Presentation on theme: "Organ Transplant Should Catholics do it? What is the Church’s Position What is the Church’s position on organ transplants? Let’s turn to the Catechism."— Presentation transcript:
Organ Transplant Should Catholics do it?
What is the Church’s Position What is the Church’s position on organ transplants? Let’s turn to the Catechism of the Catholic Church paragraph Organ transplants are in conformity with the moral law if the physical and psychological dangers and risks to the donor are proportionate to the good sought for the recipient. Organ donation after death is a noble and meritorious act and is to be encouraged as a expression of generous solidarity. It is not morally acceptable if the donor or his proxy has not given explicit consent. Moreover, it is not morally admissible to bring about the disabling mutilation or death of a human being, even in order to delay the death of other persons.
Problems As you can see to donate a non-vital organ in order to help someone recover their health is perfectly acceptable and most generous. I personally know a woman who donated one of her kidneys to save her husband’s life. In this instance she had two perfectly functioning kidneys and only needed one to survive. You can’t donate a vital organ such as your heart because in so doing that would terminate your life and only God has the right to do that. This does present health care professionals with some additional problems. What does death mean?

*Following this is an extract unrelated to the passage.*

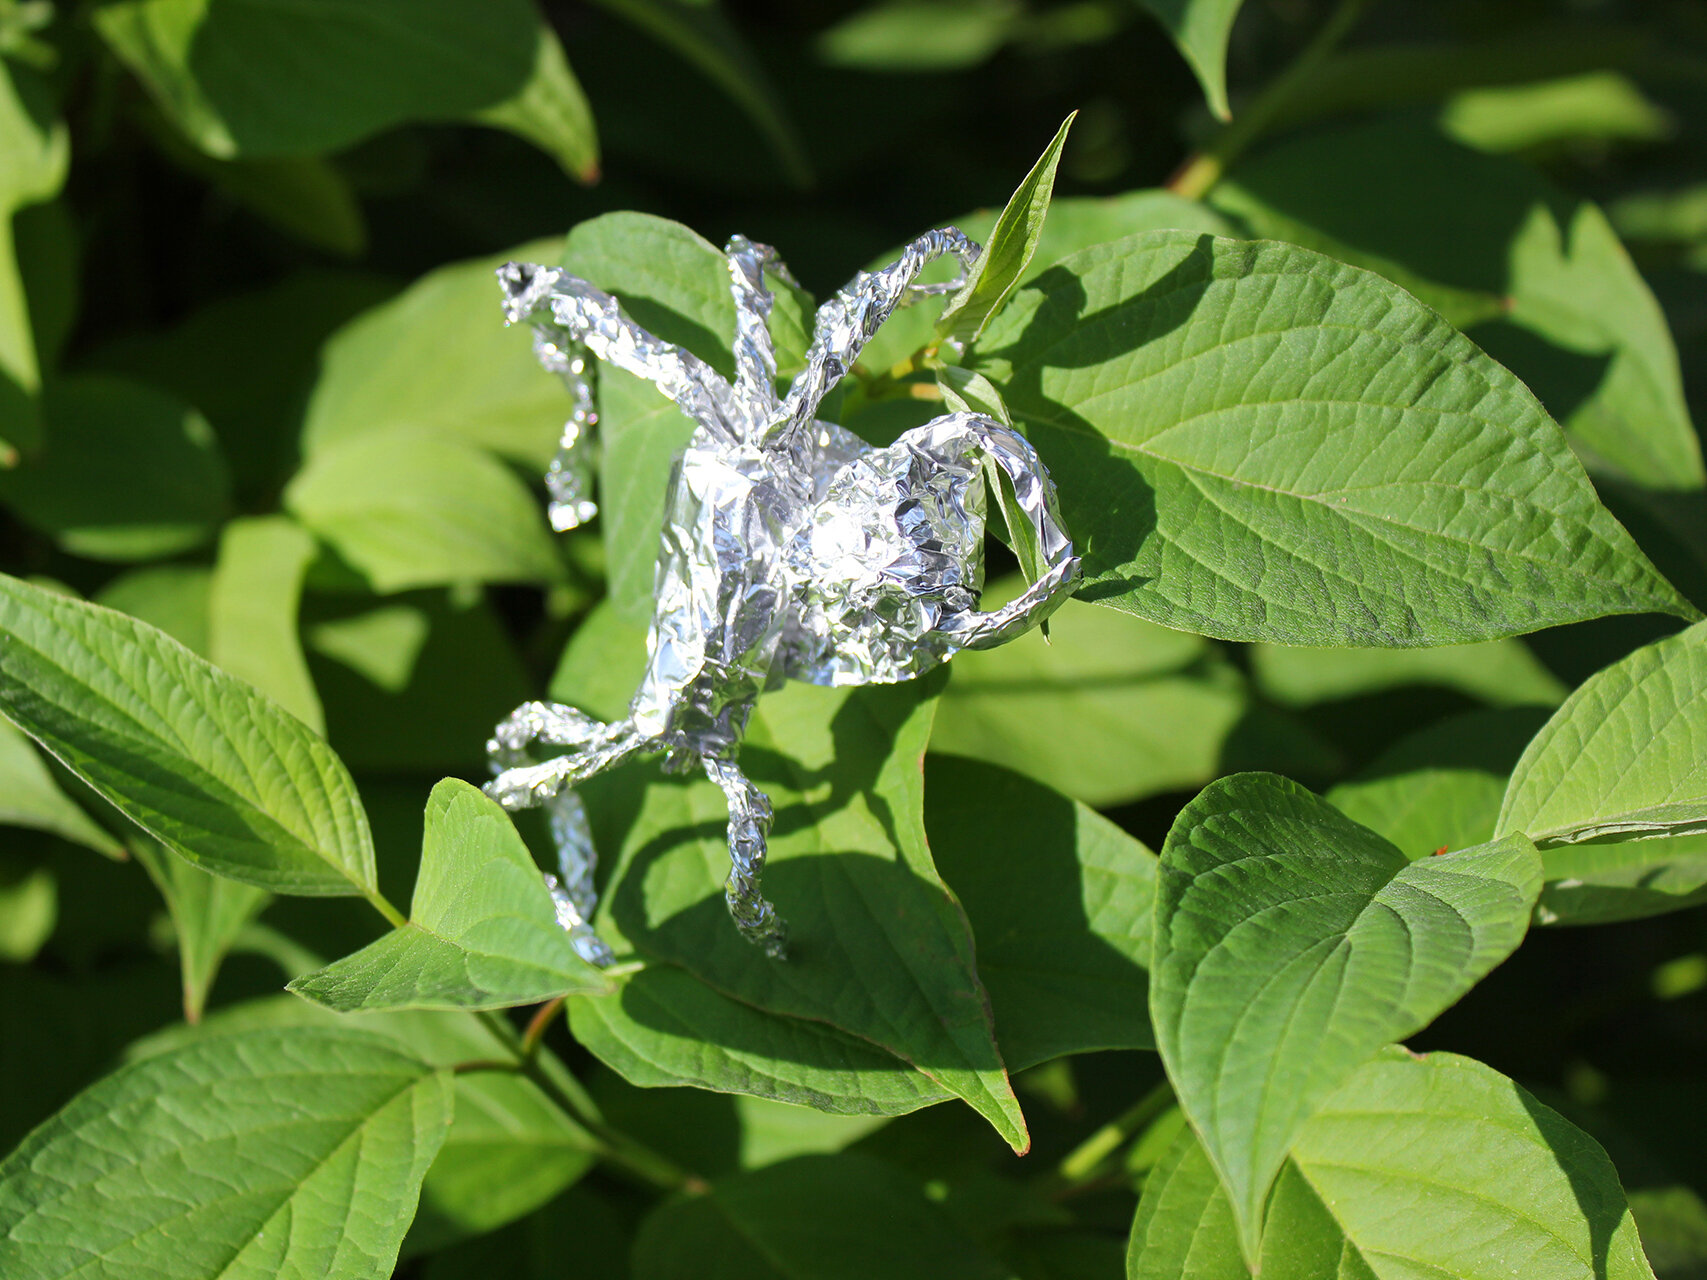 Tin Foil Spider On Leaf 01
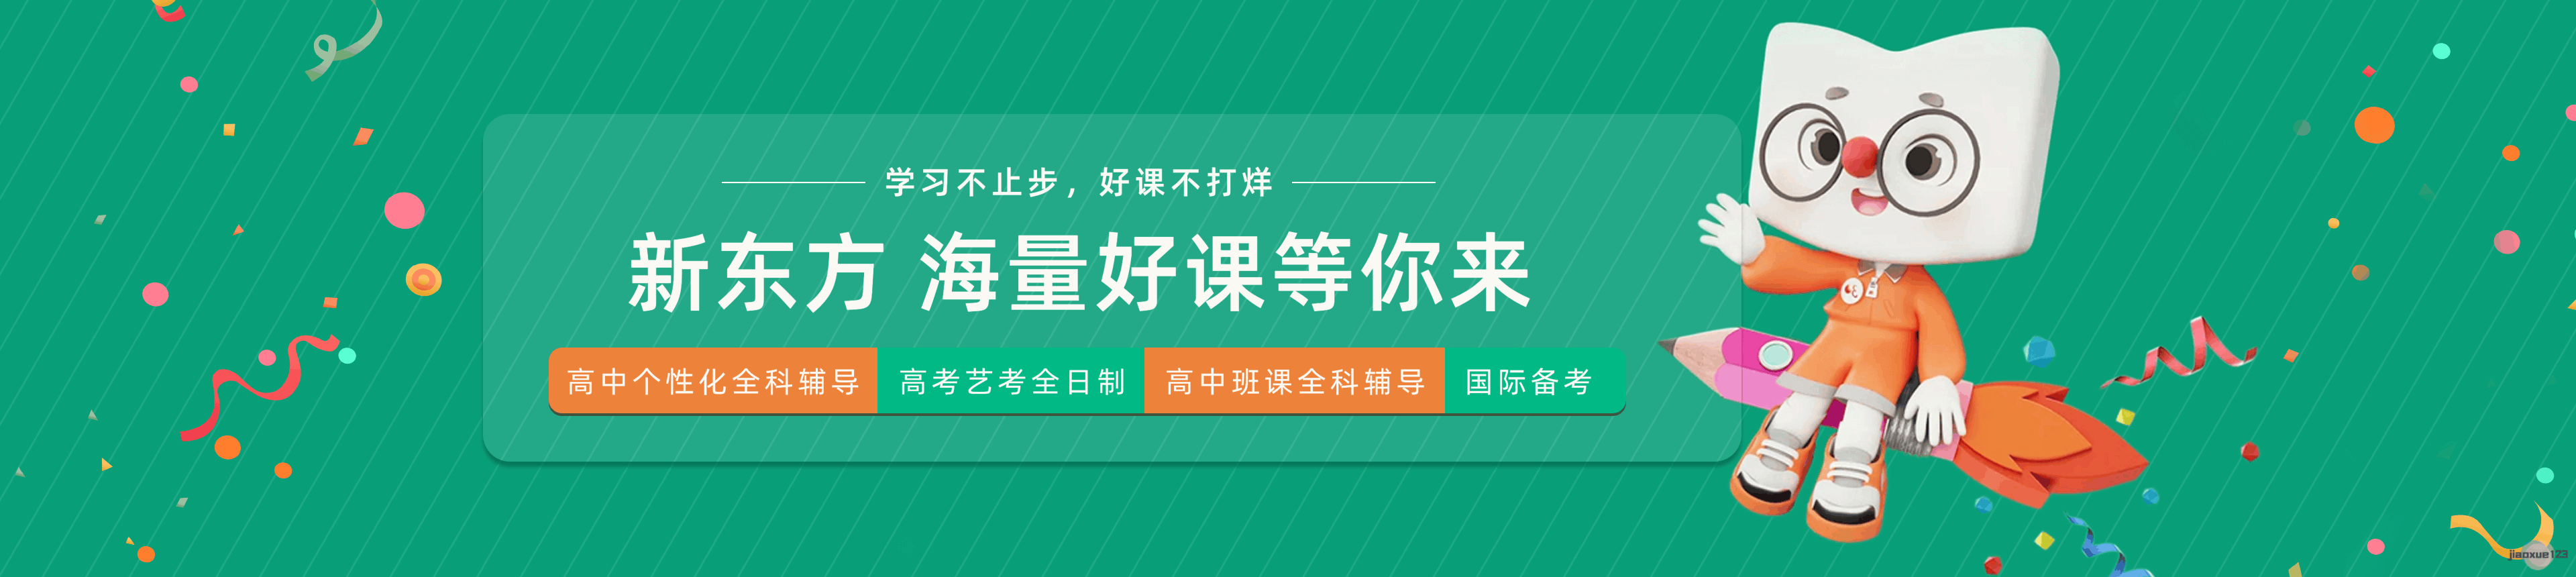 深圳新东方素质教育4

Does death mean the brain no longer functions, or the heart stops, or the person stops breathing?
Organ Transplant Business People in the organ transplant business tell us that certain organs are best harvested when there still a heartbeat. There have been some documented cases of a doctor removing “vital organs” from accident victims before it was certain that the person was dead. The most prudent course of action seems to be not to allow the “harvesting” of vital organs from a human body until brain activity, respiration and circulation have all ceased: no breathing, no heartbeat, no blood pressure and no brain activity.
Most Important Issues Only God gives us a mortal life and the choice of ending our mortal life rests with Him alone and no one else. CCC 2278 Discontinuing medical procedures that are burdensome, dangerous, extraordinary, or disproportionate to the expected outcome can be legitimate; it is the refusal of "over-zealous" treatment. Here one does not will to cause death; one's inability to impede it is merely accepted. The decisions should be made by the patient if he is competent and able or, if not, by those legally entitled to act for the patient, whose reasonable will and legitimate interests must always be respected.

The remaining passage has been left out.